Re: [HACKERS] VARIANT / ANYTYPE datatype

2011-05-11 Thread Robert Haas

On Wed, May 11, 2011 at 11:43 AM, Joseph Adams
joeyadams3.14...@gmail.com wrote:
 On Tue, May 10, 2011 at 5:19 PM, Darren Duncan dar...@darrenduncan.net 
 wrote:
 Examples of open union types could be number, which all the numeric types
 compose, and so you can know say that you can use the generic numeric
 operators on values you have simply if their types compose the number union
 type, and it still works if more numeric types appear later.  Likewise, the
 string open union could include both text and blob, as both support
 catenation and substring matches or extraction, for example.

 This would aid to operator overloading in a generic way, letting you use the
 same syntax for different types, but allowing types to mix is optional; eg,
 you could support add(int,int) and add(real,real) without supporting
 add(int,real) etc but the syntax add(x,y) is shared, and you do this
 while still having a strong type system; allowing the mixing is optional
 case-by-case.

 Coming from a Haskell perspective, this is a great idea, but I don't
 think the union feature should be used to implement it.

I'm unclear what the point of such a feature would be.  A union of all
the common numeric types is not much different from the existing type
numeric.

-- 
Robert Haas
EnterpriseDB: http://www.enterprisedb.com
The Enterprise PostgreSQL Company

-- 
Sent via pgsql-hackers mailing list (pgsql-hackers@postgresql.org)
To make changes to your subscription:
http://www.postgresql.org/mailpref/pgsql-hackers

Re: [HACKERS] VARIANT / ANYTYPE datatype

2011-05-11 Thread Darren Duncan


Robert Haas wrote:

On Wed, May 11, 2011 at 11:43 AM, Joseph Adams
joeyadams3.14...@gmail.com wrote:

On Tue, May 10, 2011 at 5:19 PM, Darren Duncan dar...@darrenduncan.net wrote:

Examples of open union types could be number, which all the numeric types
compose, and so you can know say that you can use the generic numeric
operators on values you have simply if their types compose the number union
type, and it still works if more numeric types appear later.  Likewise, the
string open union could include both text and blob, as both support
catenation and substring matches or extraction, for example.

This would aid to operator overloading in a generic way, letting you use the
same syntax for different types, but allowing types to mix is optional; eg,
you could support add(int,int) and add(real,real) without supporting
add(int,real) etc but the syntax add(x,y) is shared, and you do this
while still having a strong type system; allowing the mixing is optional
case-by-case.

Coming from a Haskell perspective, this is a great idea, but I don't
think the union feature should be used to implement it.
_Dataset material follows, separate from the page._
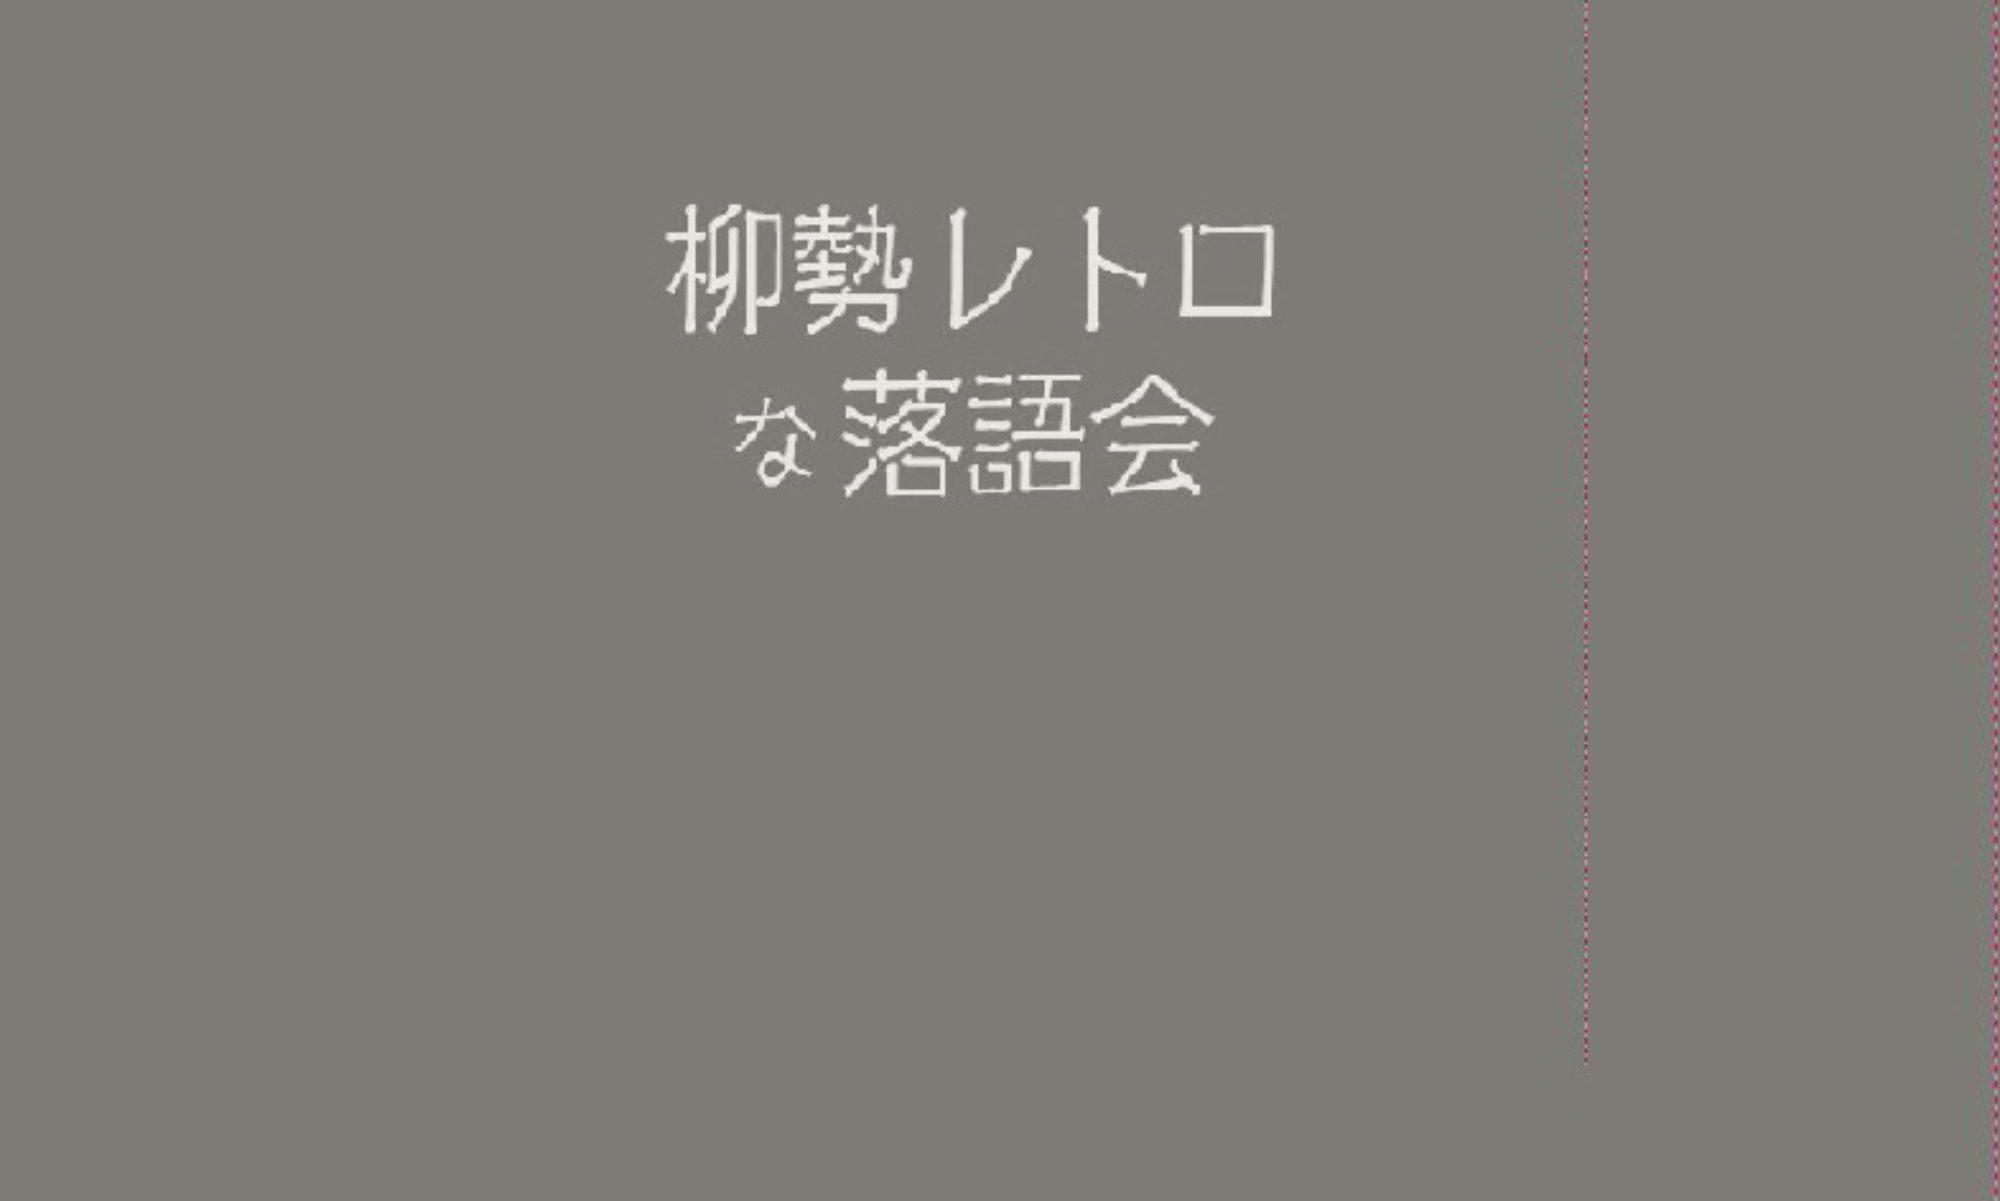 [公式]玉屋柳勢  ( タマヤ・リユウセイ )

I'm unclear what the point of such a feature would be.  A union of all
the common numeric types is not much different from the existing type
numeric.


In the case of the open union numeric, one point is that users or extensions 
could come up with new types that add themselves to the union, for example say a 
type for complex numbers (I didn't see a built-in such).


But I'm just citing numeric as an example; there would be a lot more in 
practice, potentially one for every individual type, so for example if operators 
were defined for the open union rather than for the base type, then 
users/extensions could define their own types and easily declare you can use it 
like this type but its different in some important way, which may just be an 
implementation difference.  Operations that don't care about the differences can 
just be written against the open union type where they just work and those that 
do care can be more specific.


Joseph Adams said:

Coming from a Haskell perspective, this is a great idea, but I don't
think the union feature should be used to implement it.  Closed
unions correspond to algebraic data types in Haskell, e.g.:

data Ordering = LT | EQ | GT

while open unions are better-suited to type classes:

(+) :: (Num a) = a - a - a


While closed unions would often be used for your first examlpe, I see they're 
still useful for type classes as well.  Especially in the face of open unions 
being available, the closed unions let users say, no, I don't really want the 
meaning of this union type to change just because someone else declares a new 
type in scope (that adds itself to the union).  For example, one could declare a 
system_numeric closed union type that only includes Pg built-in numerics and 
users of that can be confident that nothing about it will change later unless 
the definition of system_numeric itself or the types it unions are changed.  But 
open unions would be preferred in places they wouldn't cause trouble, where you 
want to allow easier user extensibility.



I, for one, would like to see PostgreSQL steal some features from
Haskell's type system.  PostgreSQL seems to implement a subset of
Haskell's system, without type classes and where functions can have
only one type variable (anyelement).


I think that Haskell and other functional languages have a lot to teach 
relational DBMSs and I see them as being highly compatible.


-- Darren Duncan

--
Sent via pgsql-hackers mailing list (pgsql-hackers@postgresql.org)
To make changes to your subscription:
http://www.postgresql.org/mailpref/pgsql-hackers

Re: [HACKERS] VARIANT / ANYTYPE datatype

2011-05-11 Thread Darren Duncan


To follow-up my earlier comments ...

I suspect for practical purposes we may want to limit the scope of some type 
features.


For example, the greatest benefits for open union / mixin types is with 
routines/operators, not so much with tables.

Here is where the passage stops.